Following the tutorial, we write a function that runs NS-Forest on an
example human lung cell CELLxGENE dataset. We assume the dataset has
been previously identified and downloaded.

See: [Chapter-01-CELLxGENE.ipynb](Chapter-01-CELLxGENE.ipynb)

To begin, we import modules, and assign module scope variables:

In [None]:
import os

import nsforest as ns
from nsforest import nsforesting
import scanpy as sc

DATA_DIR = "../data"

CELLXGENE_DIR = f"{DATA_DIR}/cellxgene"

NSFOREST_DIR = f"{DATA_DIR}/nsforest-2024-06-27"
TOTAL_COUNTS = 5000  # TODO: Select a more sensible value

NCBI_CELL_DIR = f"{DATA_DIR}/ncbi-cell"


Next we write the function, noting:

-   Some datasets have multiple annotations per sample
    (ex. `broad_cell_type` and `granular_cell_type`). NSForest can be
    run on multiple `cluster_header` values. Combining the parent and
    child markers may improve classification results.

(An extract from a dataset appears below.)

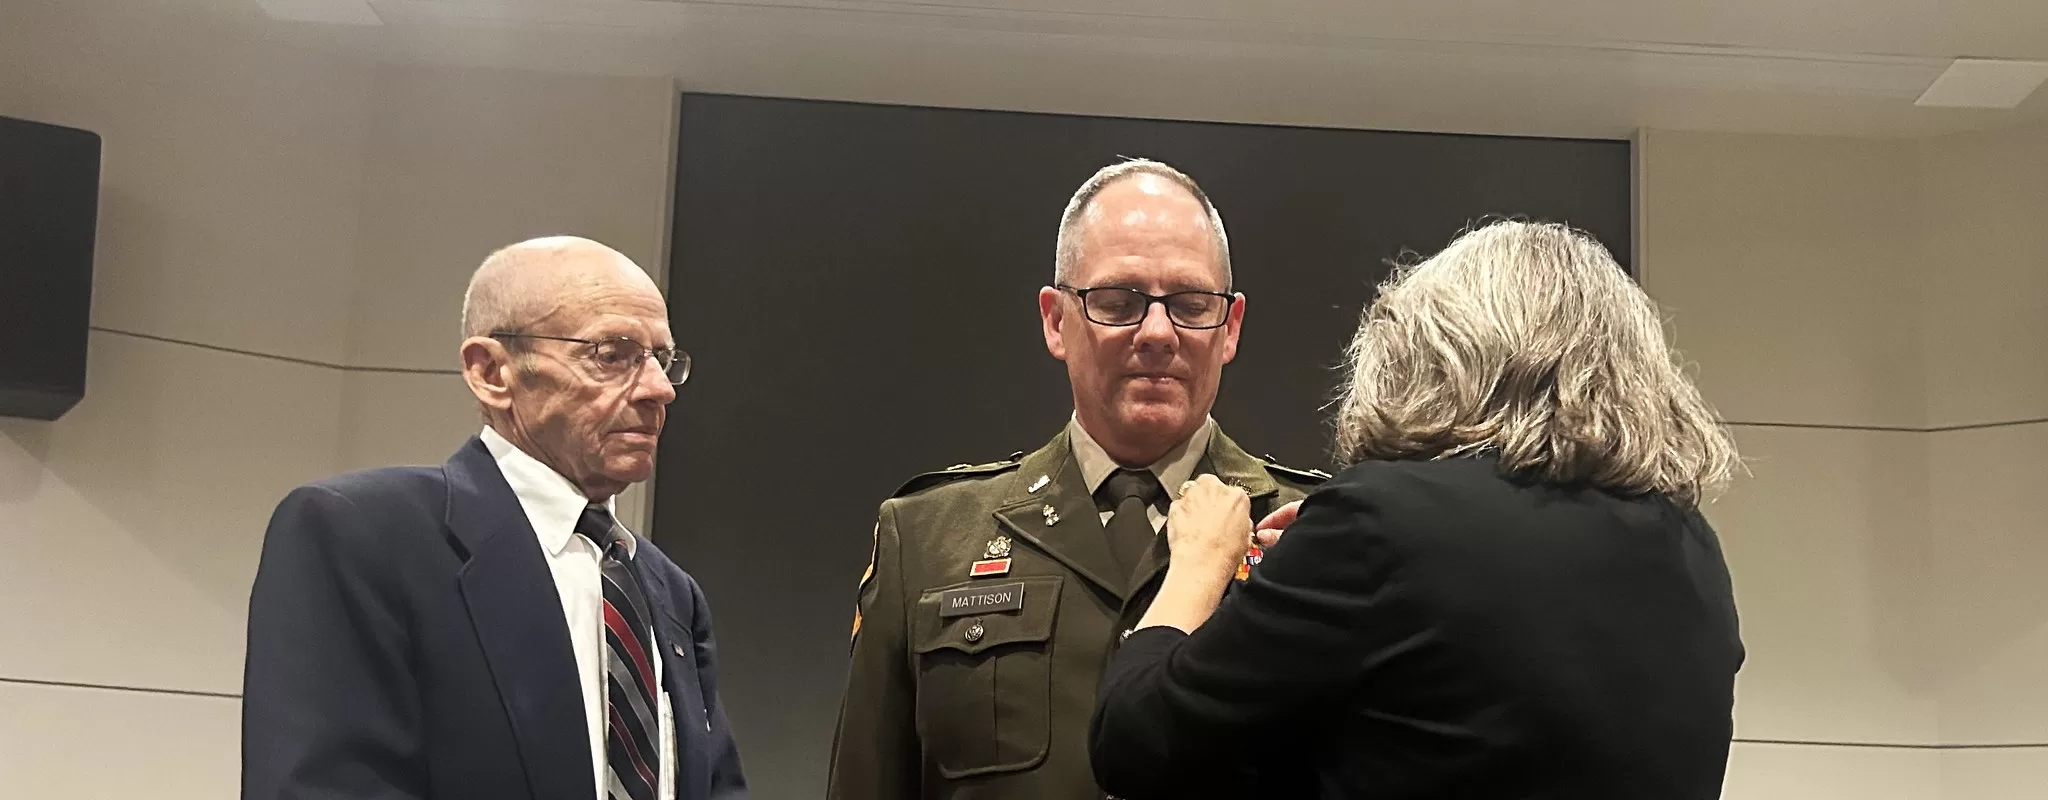 Command Chief Warrant Officer Charles Mattison has chief warrant officer 5 rank pinned on by his father Michael and wife Kathy during a July 12 promotion ceremony at Joint Force Headquarters’ Witmer Hall in Madison, Wis. Wisconsin National Guard photo by Staff Sgt. Alice Ripberger

-   `adata.var_names` must be unique. If there is a problem, usually it
    can be solved by assigning `adata.var.index = adata.var["ensembl_id"]`.

-   Some datasets are too large and need to be downsampled to be run
    through the pipeline. When downsampling, be sure to have all the
    granular cluster annotations represented.

-   Only run ns.pp.dendrogram() if there is no pre-defined dendrogram
    order. This step can still be run with no effects, but the runtime
    may increase.

In [None]:
def run_nsforest_on_file(h5ad_filename, cluster_header="cell_type"):
    """Run NSForest using the specified dataset filename, and
    cluster_header.

    Parameters
    ----------
    h5ad_filename : str
       The dataset filename
    cluster_header : str
       The cluster header

    Returns
    -------
    None
    """
    # Assign results filename and directory
    pp_h5ad_filename = f"pp_{h5ad_filename}"
    results_dirname = h5ad_filename.split(".")[0]
    results_dirpath = f"{NSFOREST_DIR}/{results_dirname}"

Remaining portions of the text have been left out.